We Stopped Writing Code for Tickets.

A Plane ticket gets the ai-ready label. A webhook fires. Claude Code picks it up, reads the codebase, writes the code, runs tests, self-heals if they fail, and opens a merge request on GitLab. We review the MR. That is it.

No copy-pasting prompts. No babysitting. No context-switching. The pipeline handles the mechanical work — and we handle the decisions.

This post covers how we built it, what we learned from the community before building it, what failed, what worked, and what running real tickets through it actually looks like.

The Problem With How Software Gets Shipped

Before getting into the solution, it is worth naming the problem clearly.

Every engineering team has a version of this: the ticket queue grows faster than the team can clear it. Boilerplate implementation eats 40% of every sprint. Context gets lost between planning and implementation. Tests are a “we’ll add them later” promise that compounds into technical debt. PR reviews sit for two days, then go through another round.

None of this is hard work. Most of it is mechanical — read a requirement, find the right file, make the change, write a test, open a PR. Humans are doing work that a well-structured AI pipeline should be able to handle.

The question we asked ourselves: can we build that pipeline ourselves, on our own infrastructure, using tools we already have?

The answer is yes. But it took us three iterations and a lot of reading to get there.

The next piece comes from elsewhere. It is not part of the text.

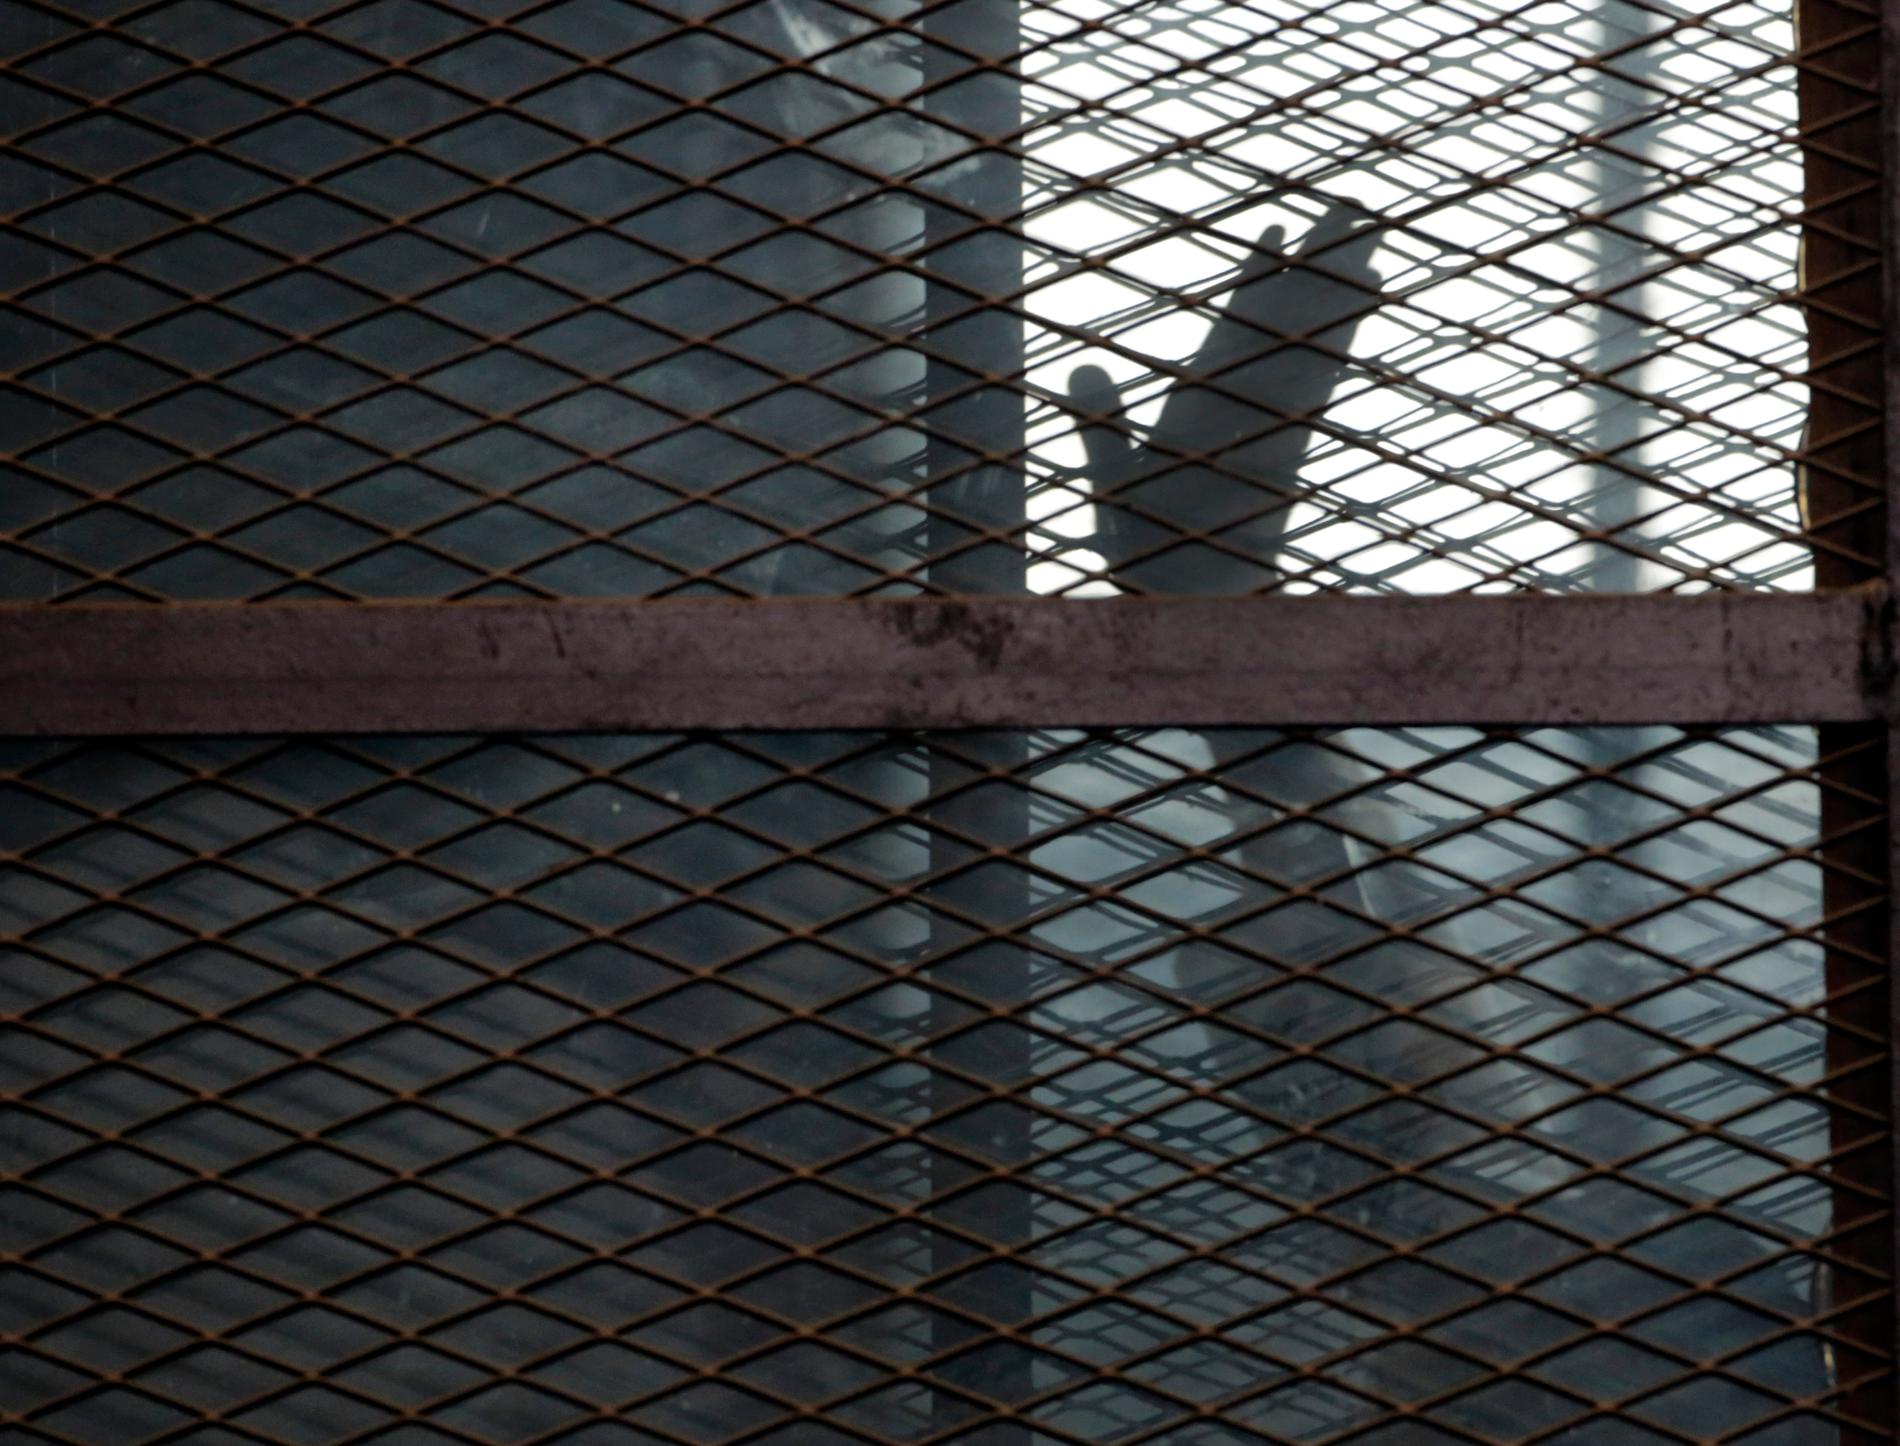 En medlem av Muslimska brödraskapet vinkar från försvarsfållan i en rättegång vid ett fängelse i Kairo. I höstas dömdes en stor grupp fångar till döden för att ha försökt fly från samma fängelse. Arkivbild.

What We Studied Before Building

We did not want to build something based on vibes and hope. We spent time studying every major approach the community had published, extracted the key insight from each, and then combined what was proven.

Anthropic’s Harness Blueprint for Long-Running Agents

Anthropic published internal research describing how they built a C compiler using Claude agents across 2,000 sessions. The key architecture: three agents in sequence — an Initializer that writes a feature list and project plan, a Generator that implements one feature at a time with hard context resets between features, and an Evaluator that grades the output by actually running the code.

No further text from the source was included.